Activity: In the entries that follow, repeat exactly the lines from the one that has "Foraged Pine Mushrooms" through the one that has "Baby Spongebob. Spongebob", but omit pictures.

Recorded information:
::::::

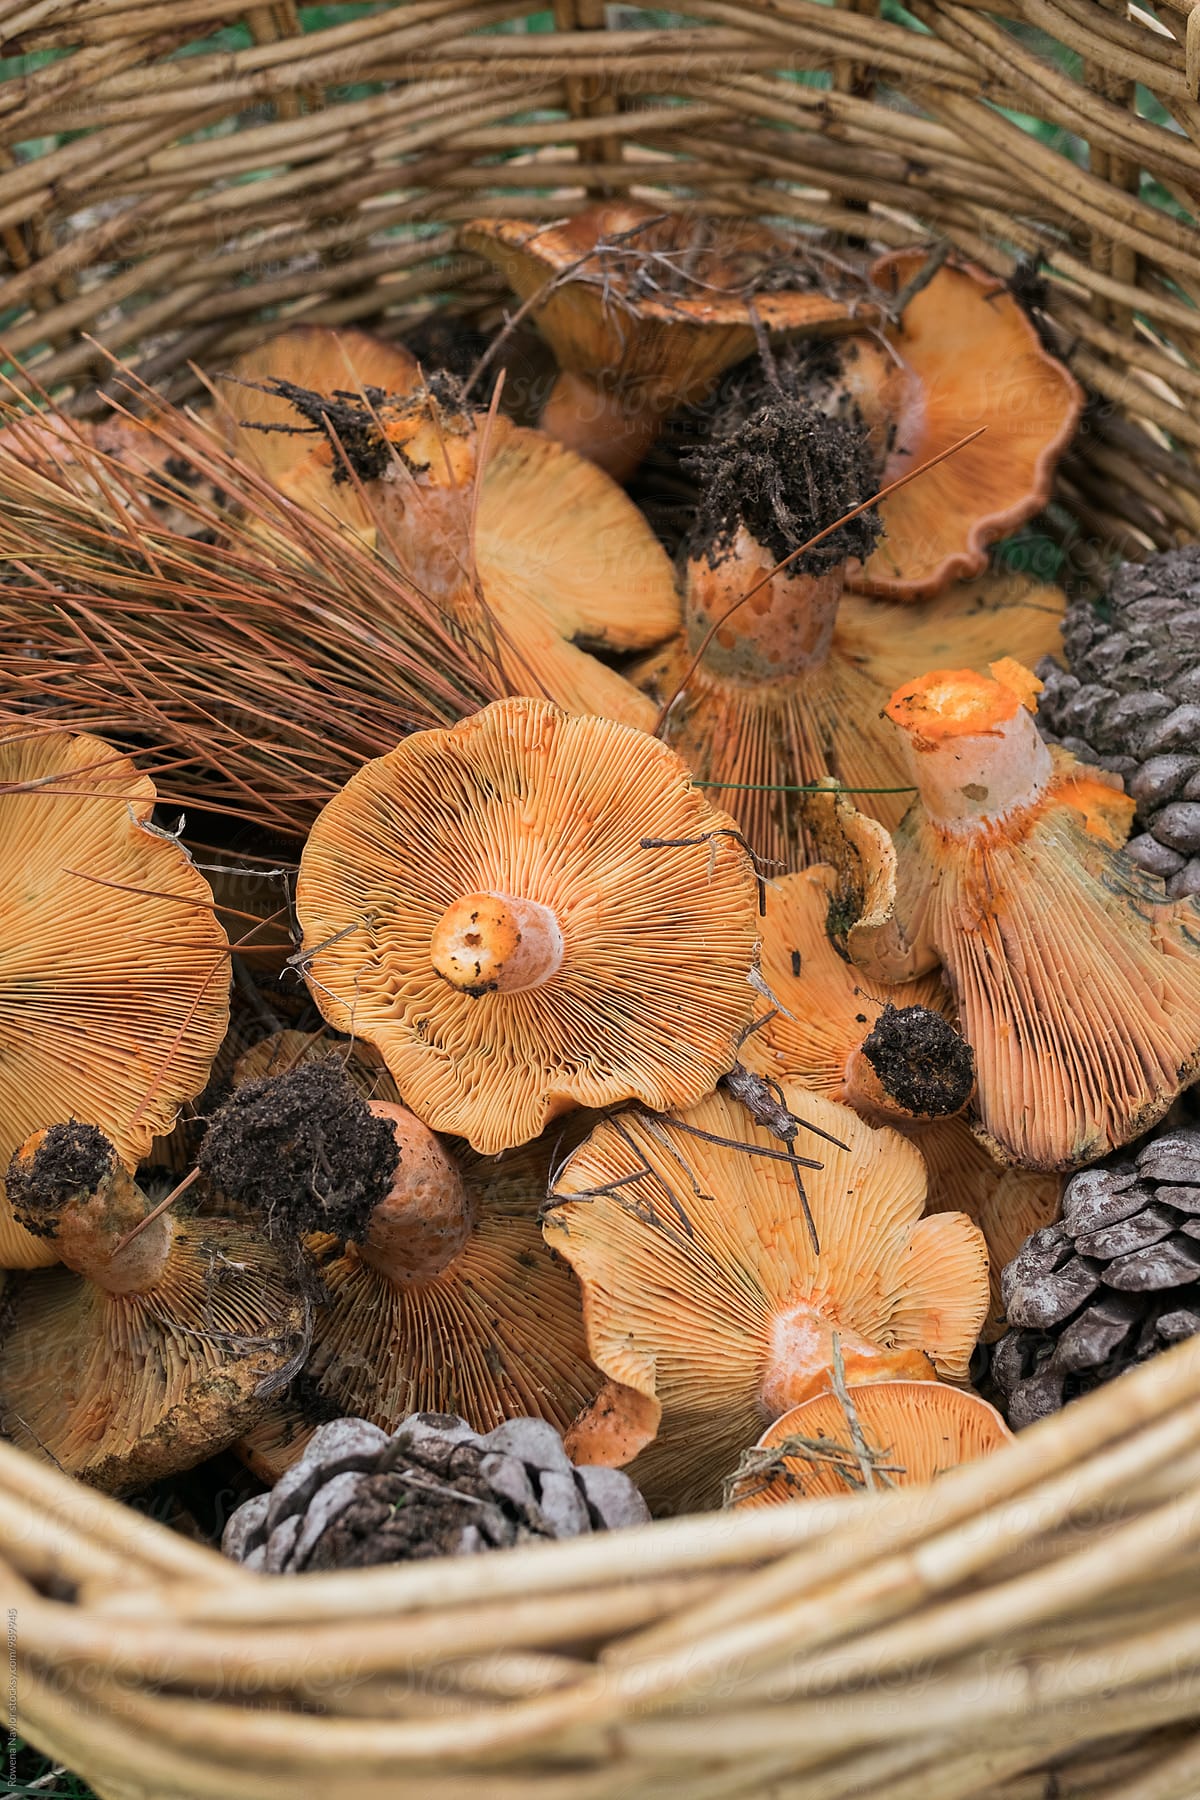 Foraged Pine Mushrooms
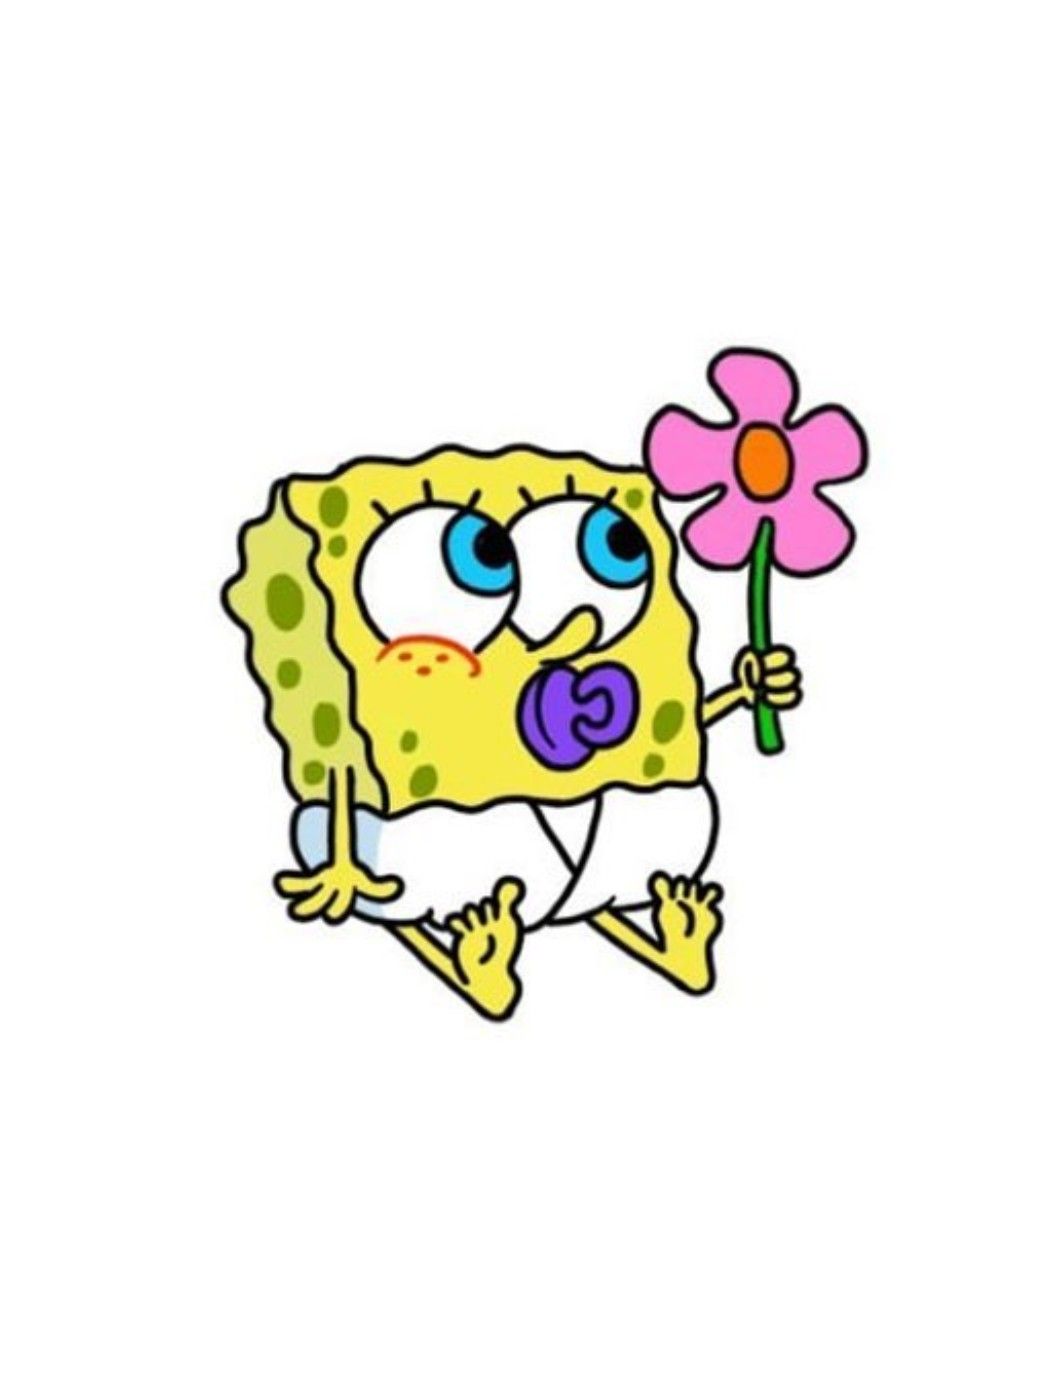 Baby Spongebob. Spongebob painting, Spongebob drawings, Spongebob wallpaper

::::::

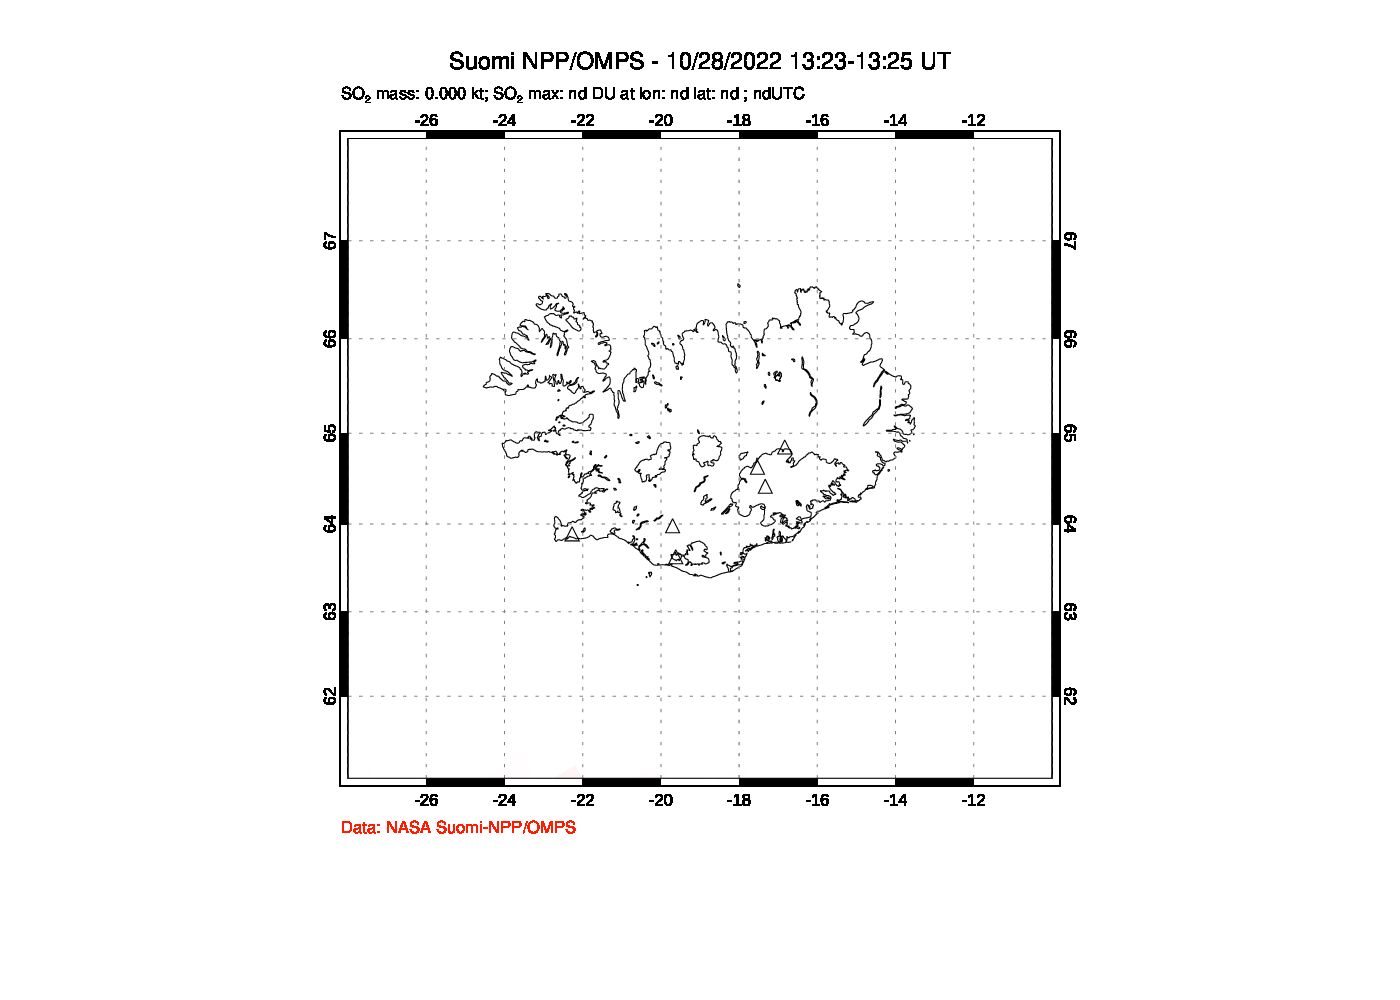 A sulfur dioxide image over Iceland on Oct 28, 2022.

::::::

Output for this exercise:
 Foraged Pine Mushrooms
 Baby Spongebob. Spongebob painting, Spongebob drawings, Spongebob wallpaper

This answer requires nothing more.